Before we can talk about how Chainguard integrates with vulnerability scanners, let's start with what a scanner does.


At a very high level, a vulnerability scanner parses some software artifact (a compiled ELF executable, a JAR file, a Python wheel, an APK package, an OCI container image, etc., often a nesting doll of many different packaging formats) to find clues about what software is included in that artifact.


For example, by default, compiled Go programs include information embedded in their ELF structure that lists the Go modules and versions that the package depends on. A scanner might parse this ELF structure, determine it's a Go program, and read the module dependencies to see that the program depends on some particular version of some Go module. This step may also gather information about what compiler or tooling was used to build the artifact, in case that's relevant.


Next, after the scanner has collected all it can about what software is included in the artifact, it matches those packages and versions against a database of known vulnerable packages and versions. The most common source of information about known vulnerable packages is the National Vulnerability Database, but there are plenty of other databases, and some scanners also have proprietary, curated databases of known vulnerabilities.


Using our Go program example, the scanner may find that the program depends on golang.org/x/net/html at version v0.31.0, and match that against its database of known vulnerabilities. It will find that version of that module was vulnerable to CVE-2024-45338, a relatively innocuous ReDoS attack which was fixed in v0.33.0 and above.

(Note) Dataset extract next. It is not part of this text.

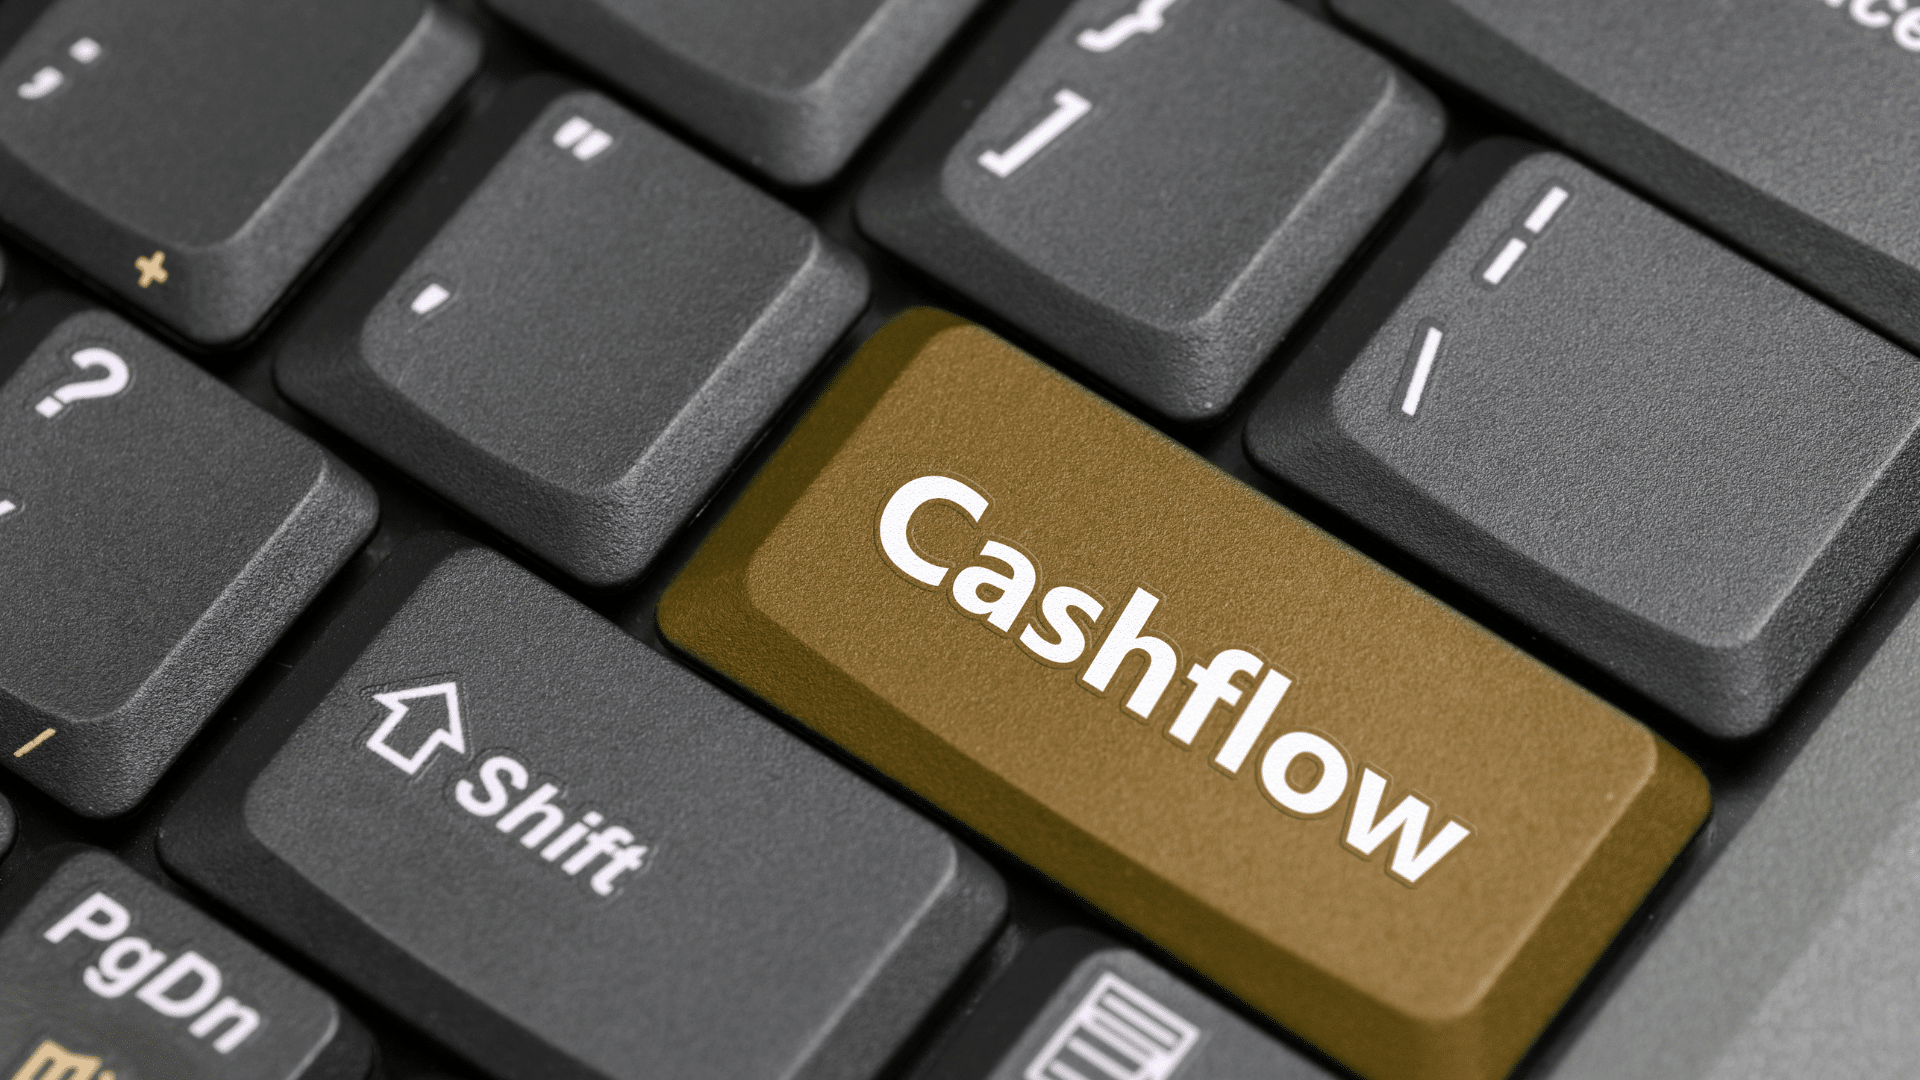 An image of a keyboard where the enter key has been replaced with a cash flow key.

By the way, to make matters more confusing, CVE-2024-45338 is also tracked in Go's vulnerability database as GO-2024-3333 and in GitHub's advisory database as GHSA-w32m-9786-jp63. It may go by other IDs in other systems, but they're all the same underlying vulnerability.


There's a third step after finding and matching, where if the scanner can determine that the package came from a known distro (like Chainguard), it will consult that distro's list of known security advisories. This gives distros an opportunity to enrich the scanner's findings with more context, for example to say:


  • We acknowledge the vulnerability is present; we're investigating.

  • The vulnerable code is present, but can't be fixed without the upstream project taking some action :(

  • The vulnerability has been fixed, and should no longer be reported.

  • We determined the vulnerable code could not be exploited in the artifact — this might happen when a vulnerability only affects software running on Windows, and since Chainguard doesn't build software for Windows (yet???), we know that none of our artifacts include the vulnerable code.


Those last two are really important, since they have the effect of hiding vulnerabilities in supported scanners, so they're the main mechanism a distro has to suppress false-positive vulnerabilities in scanner output. This is how distros ensure a high signal-to-noise ratio, which is kind of our whole thing.


Scanners and distros have a few different formats for expressing this additional context. Chainguard generates both an Alpine-style security.json file, and added support for the common OSV format about a year ago. We maintain separate security.json feeds for free packages in Wolfi and for private packages available to Chainguard customers, and one unified OSV feed. You can see these advisories in our Console, or on OSV.dev.


It's worth calling out at this point that distros like Chainguard gain significant powers by integrating with scanners. You could build all these packages yourself (that's hard too!), but being able to indicate to scanners that some vulnerabilities should be silenced requires even more investment of time and resources, and usually requires some demonstration that many users would benefit. It also takes considerable engagement between distros and scanners to become a trusted source of advisory data.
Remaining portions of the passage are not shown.